Летчики
Шрифт:
— Разрешите мне ответить за капитана Ефимкова, — глухо, с нарастающим волнением продолжал майор. — Мне очень трудно говорить. Капитан Ефимков мой старый друг. Большой друг. Но и молчать я не могу. Я командир эскадрильи, и мой долг говорить о подчиненных правду, какой бы суровой она ни была. Неудача Ефимкова не случайна. Тому, кто его знает ближе, не надо быть большим психологом, чтобы правильно понять причину. — Мочалов повернул голову и посмотрел на Кузьму. — Капитан Ефимков, — каким-то чужим, неповинующимся голосом продолжал Сергей, — вы вышли над поворотным пунктом из облачности, чтобы сверить карту с местностью, убедиться, не сбились ли с маршрута.

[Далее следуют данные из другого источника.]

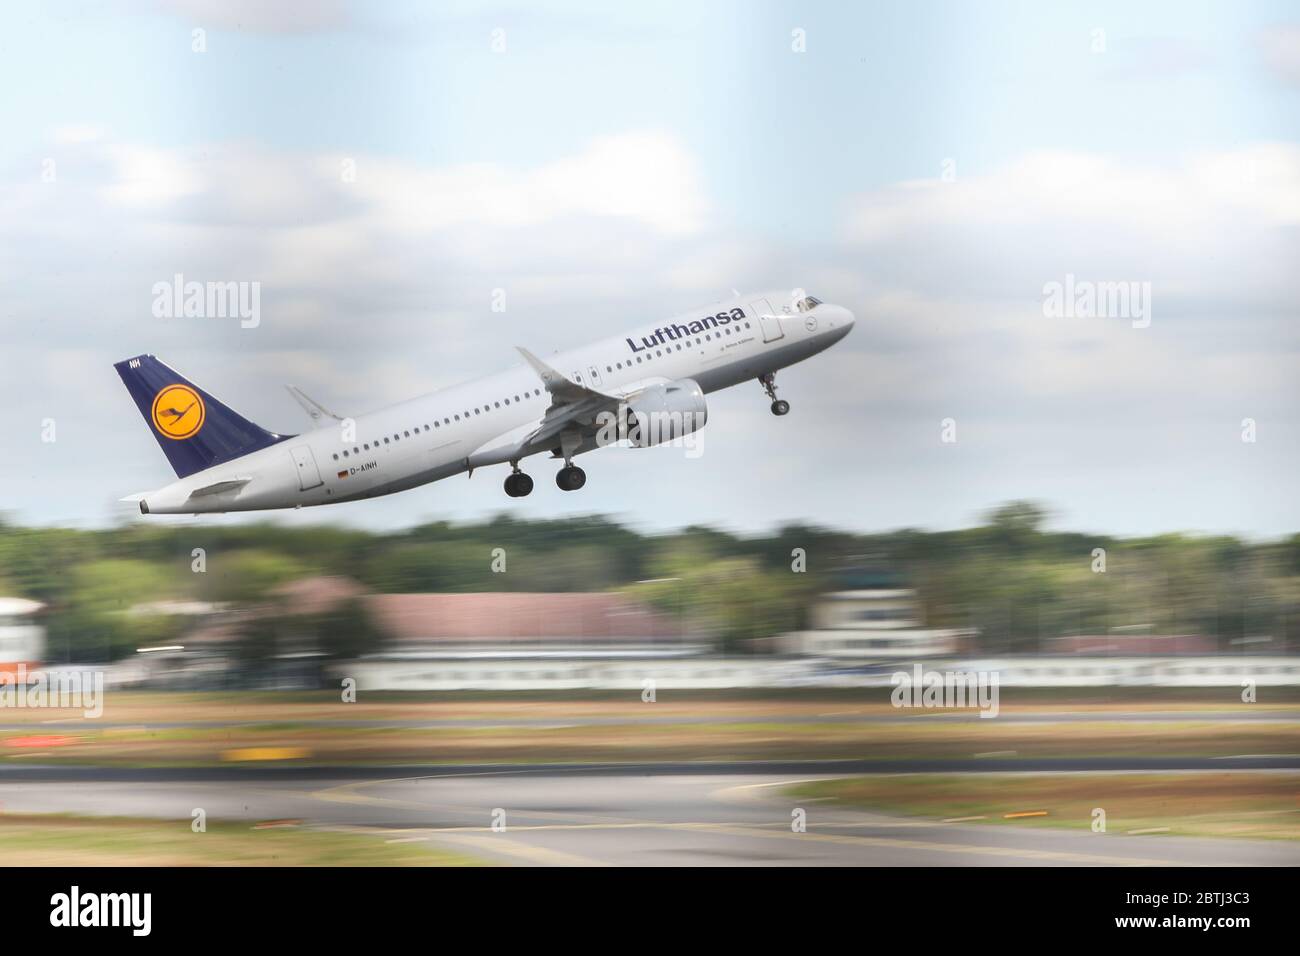 Berlin, Germany. 26th May, 2020. A plane of Lufthansa takes off at the Berlin Tegel Airport in Berlin, capital of Germany, May 26, 2020. German flag carrier Deutsche Lufthansa AG said on Monday that the federal government's Economic Stabilization Fund (WSF) has approved a nine-billion-euro rescue package (9.8 billion U.S. dollars) for the company. Credit: Shan Yuqi/Xinhua/Alamy Live News Stock Photo

— Верно, — глухо уронил капитан.
— А теперь отвечу на другой вопрос, — голос Мочалова в наступившей тишине зазвучал сурово. — Объясню, почему, имея перед собой новейшие приборы, позволяющие безошибочно пилотировать в облаках, вы все-таки им не поверили. Потому что вы изучили их механически. Вы знаете, когда и как движутся стрелки, а каким они законам повинуются, как обосновать действие прибора, этого не знаете. Новая техника обогнала вас, капитан Ефимков. И обогнала потому, что вы не работаете над собой, не стараетесь повышать летную культуру, общую культуру. Стыдно сказать, вы же в год не больше пяти книг прочитываете. Да так недолго и Митрофанушкой стать, который отказывался учить географию потому, что были извозчики…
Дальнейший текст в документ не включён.